Dropping every picture, set down exactly the lines in the entries below, starting with the line with "Best King Size Mattresses, Best" and going on through the line with "Sports Athletes Nude".

**Available records:**
#####

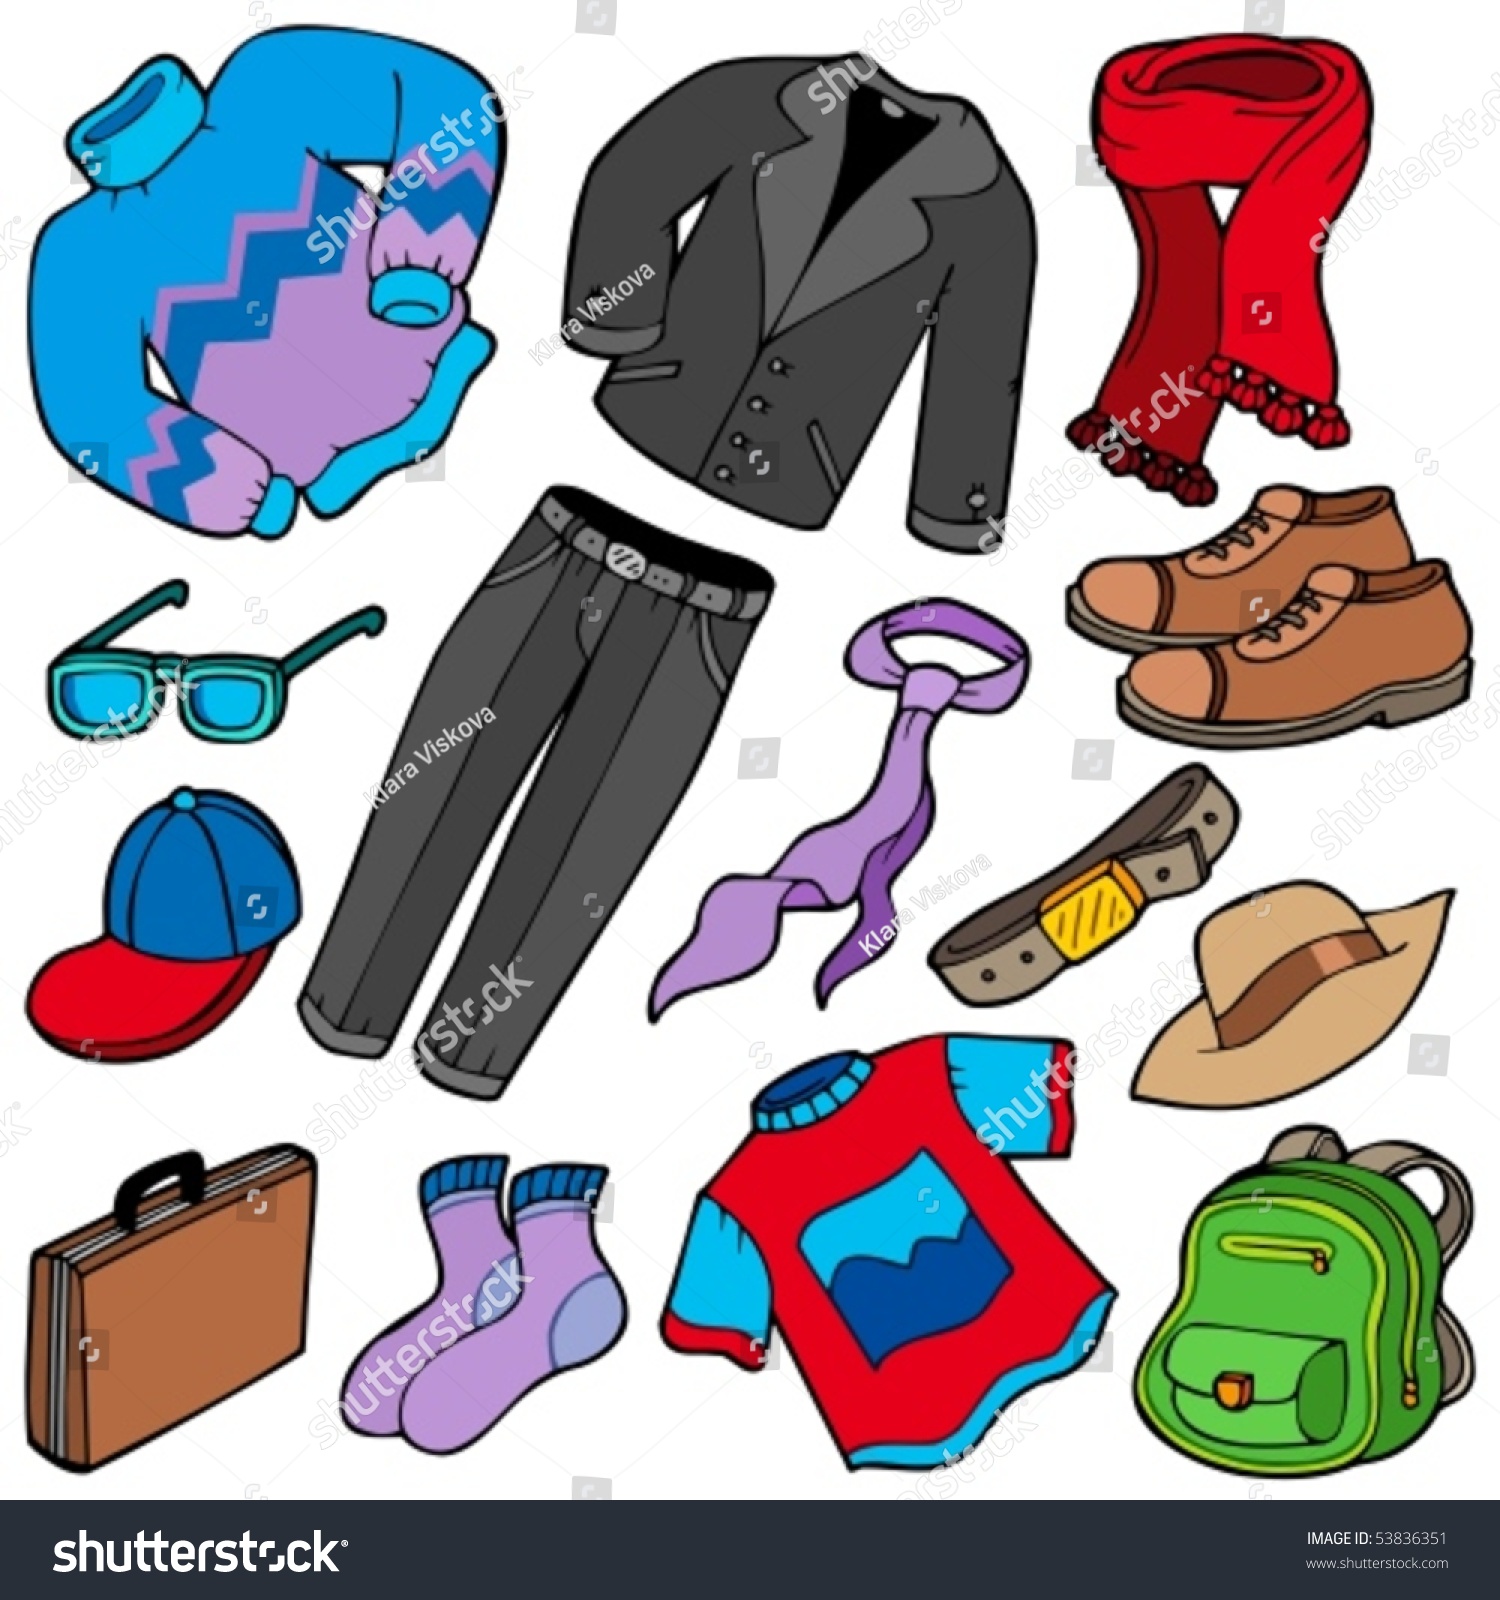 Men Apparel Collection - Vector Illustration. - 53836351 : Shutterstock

#####

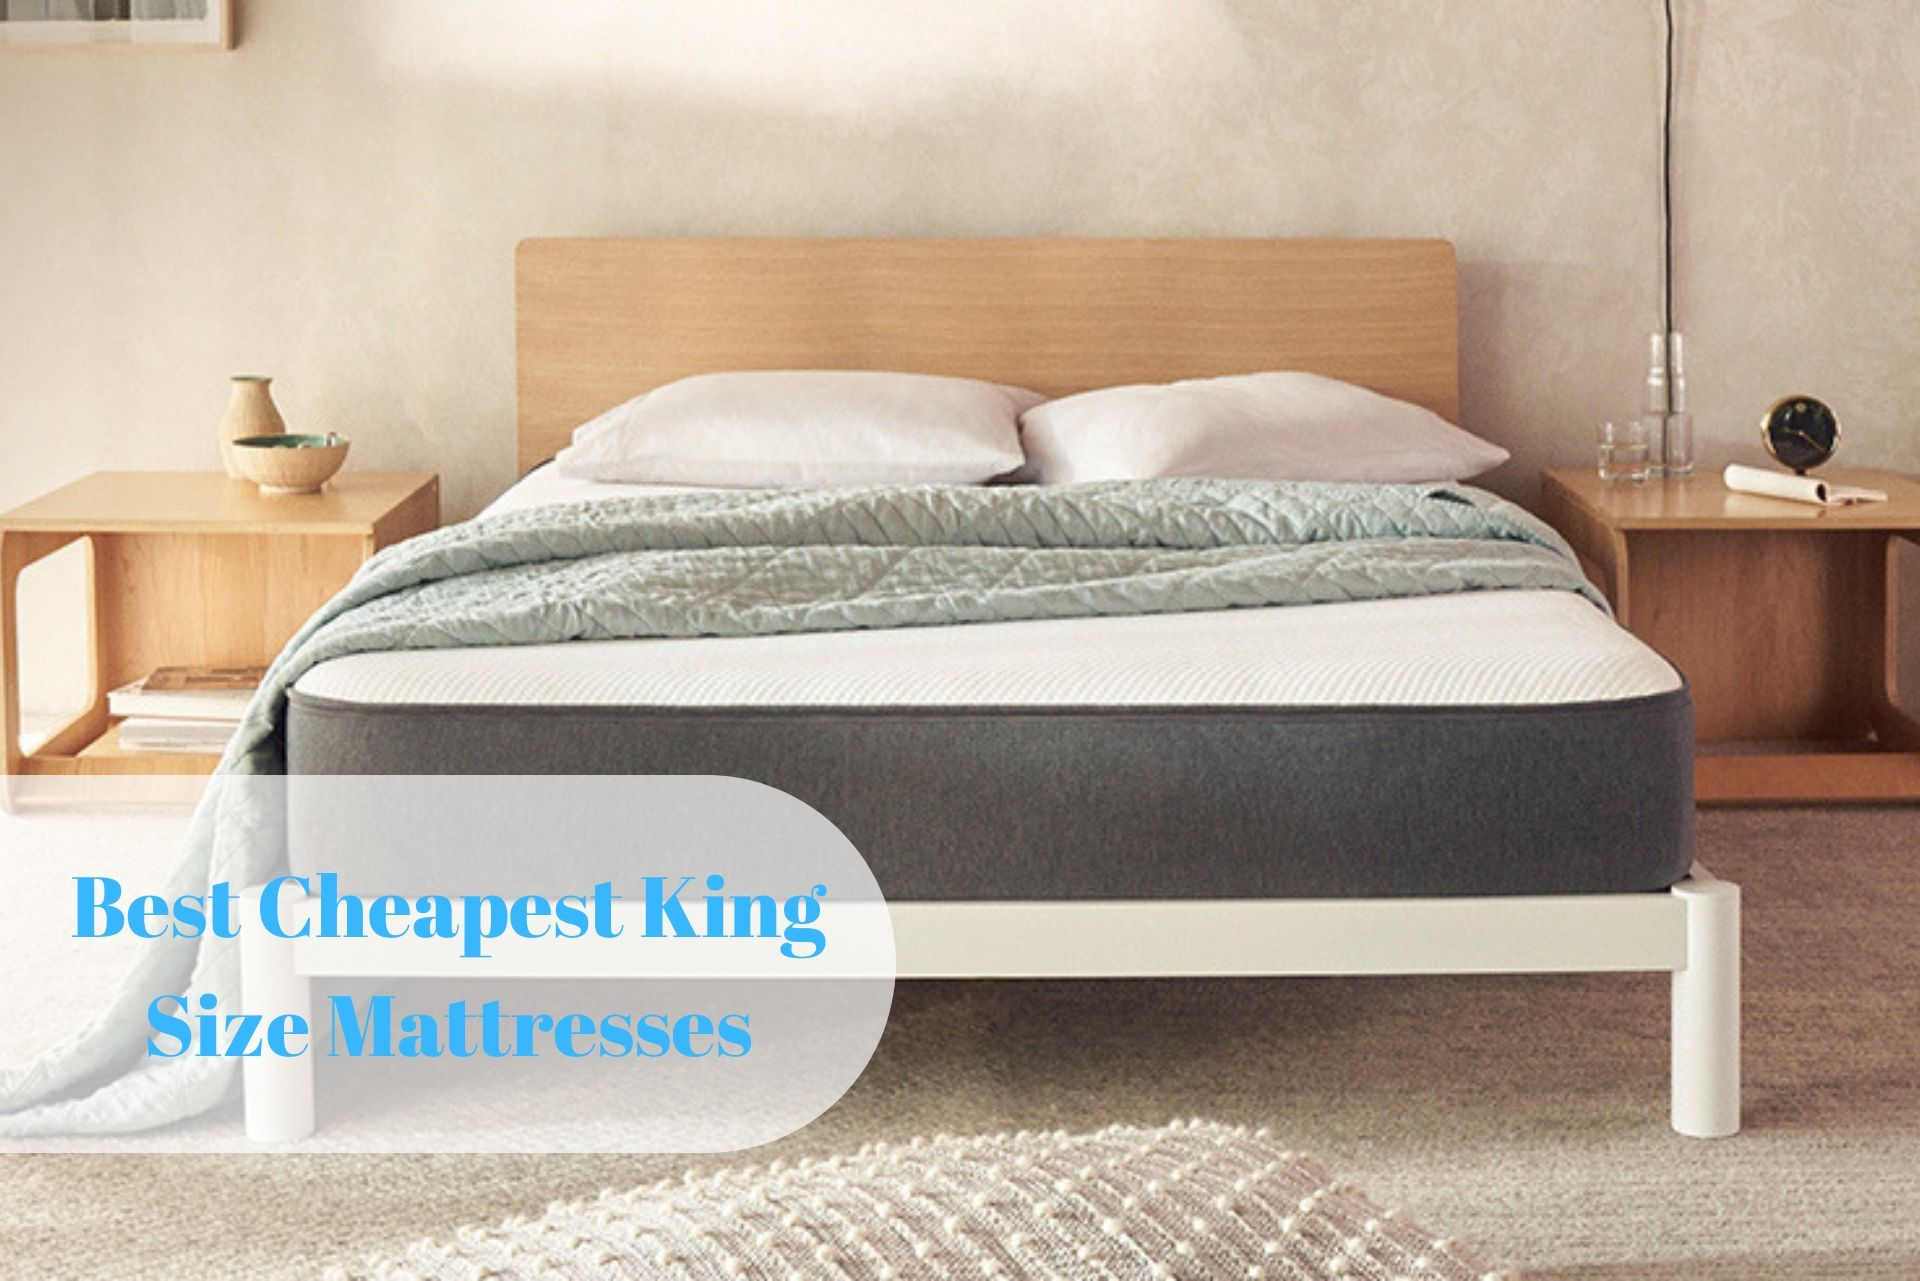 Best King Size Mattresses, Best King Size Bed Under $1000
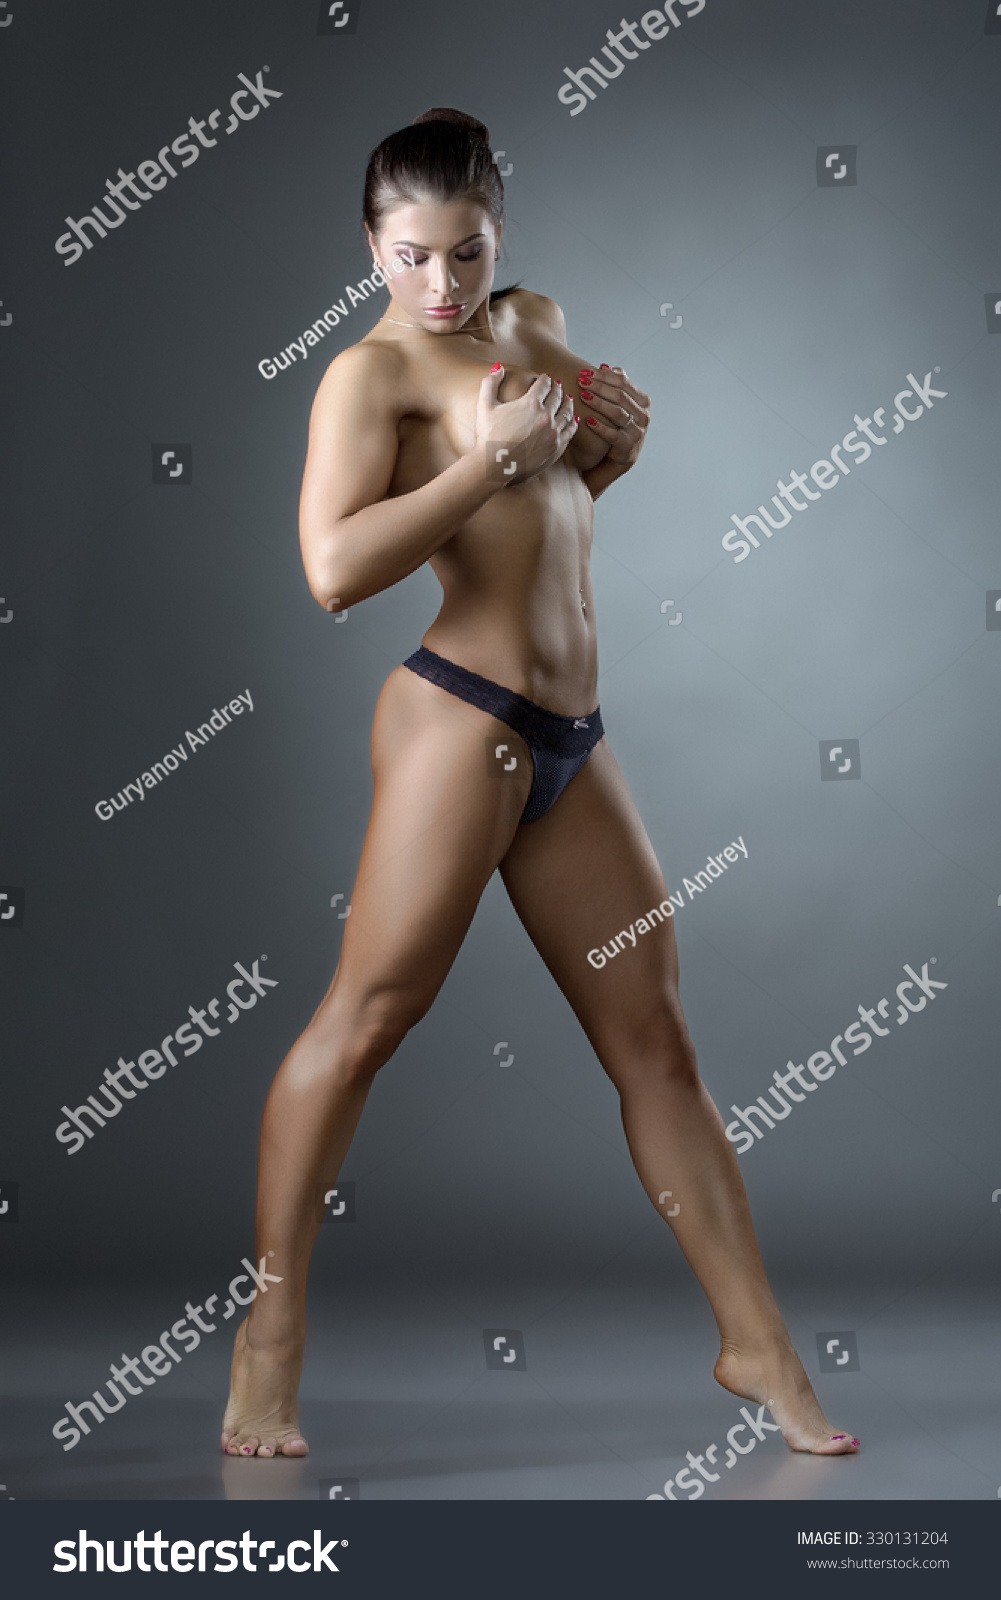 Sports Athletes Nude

#####

**Exercise answer:**
 Best King Size Mattresses, Best King Size Bed Under $1000
 Sports Athletes Nude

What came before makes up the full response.